Pain in the legs turns out to be a blessing for Bridgeville man
By Lynn R. Parks
Although he didn't think so at the time, Kyle Lucas was lucky that his legs started to hurt. Without that leg pain, which was caused by blockages in his blood vessels, he would not have been referred to vascular surgeon Farouk Marzouk. And without Dr. Marzouk, the aortic aneurysm that was growing in his belly and that was unrelated to his leg pain could have gone undetected until it ruptured. Only 10 percent of the people who have such ruptures survive them.
"I sure am glad," said Lucas, a 72-year-old retired welder who lives near Bridgeville. "If that aneurysm would have burst, I'd have been a goner. I'd say that Dr. Marzouk saved my life."
Marzouk is the new director of vascular surgery at Nanticoke Memorial Hospital in Seaford. (The body's vascular system is its arteries and veins.) He came to the hospital in September and brought with him the training necessary to do endovascular surgery, or minimally-invasive vascular surgery.
Instead of involving an incision from his breastbone to his pubic bone, Lucas' surgery meant just a small cut in his groin. "That traditional surgery is a huge surgery," Marzouk said. "You have a huge incision and you can get a lot of complications from that. It's painful to breathe, so you run the risk of pneumonia. You usually have a long stay in intensive care, part of a week to 10 days in the hospital."
The minimally-invasive surgery, on the other hand, means only a two- to three-day stay in the hospital, usually after one day in intensive care. "You get the same good results as with the traditional surgery, and the complications are way less," Marzouk said.
Since his arrival at Nanticoke, Marzouk has done three endovascular procedures to remove aortic aneurysms. While none has been an emergency situation, he said, all, including Lucas', were urgent.
Lucas first saw Marzouk in October. He had been under treatment for leg pain for about a year and the medicine he was taking wasn't working.
Marzouk prescribed an x-ray of Lucas' vascular system to look for blockages in the arteries that lead to the legs. When he looked at the pictures of Lucas' veins and arteries, he saw a few blockages.
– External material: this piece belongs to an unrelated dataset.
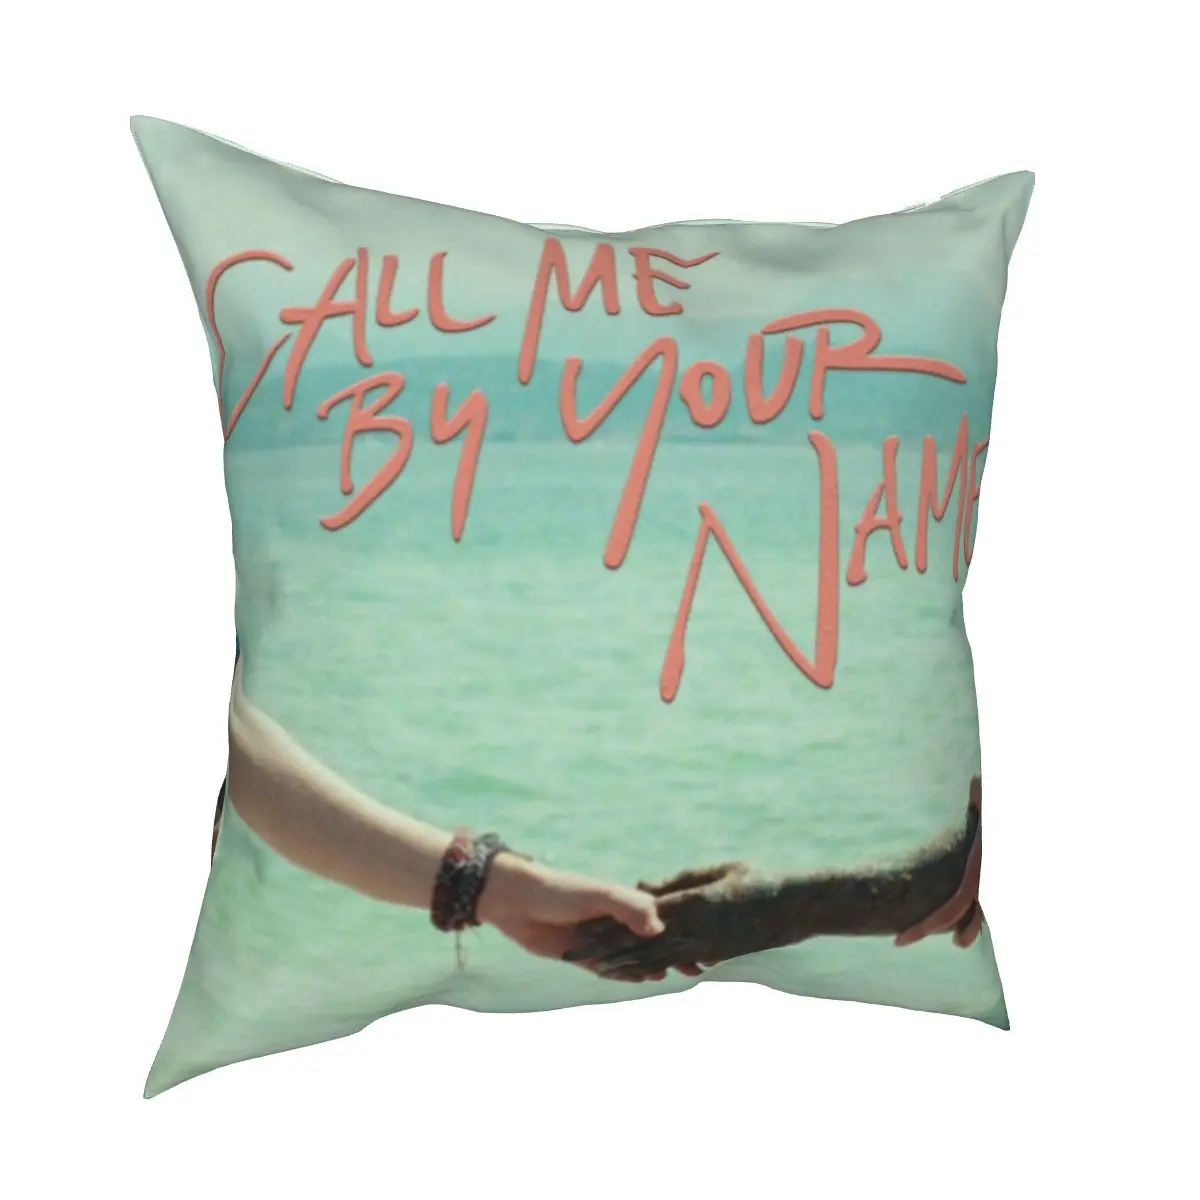 

Call Me By Your Name Pillowcase Cushion Cover Decorative Elio Oliver Handshake CMBYN LGBT Throw Pillow Case Cover Home 45*45cm

He also saw the aneurysm.
"An aneurysm is like a balloon in the aorta," Marzouk said. "It expands over the years. When we find one, we usually watch it until it gets to be 5 centimeters, then take it out because of the danger of rupture."
When Marzouk found Lucas' aneurysm, it was already 8.5 centimeters (3.3 inches). Surgery was scheduled for the next day. The aneurysm was located in Lucas' abdominal aorta. It was beneath his kidney and just above the point at which the abdominal aorta splits into two branches to supply blood to the legs.
During the surgery, Marzouk used a catheter and wires to push a stent, shaped like an upside-down Y, through an incision in Lucas' groin to the spot of the aneurysm. The catheter was about the width of the point on a pen; the stent, made of specialized fabric and springy steel, was compressed to also be that size.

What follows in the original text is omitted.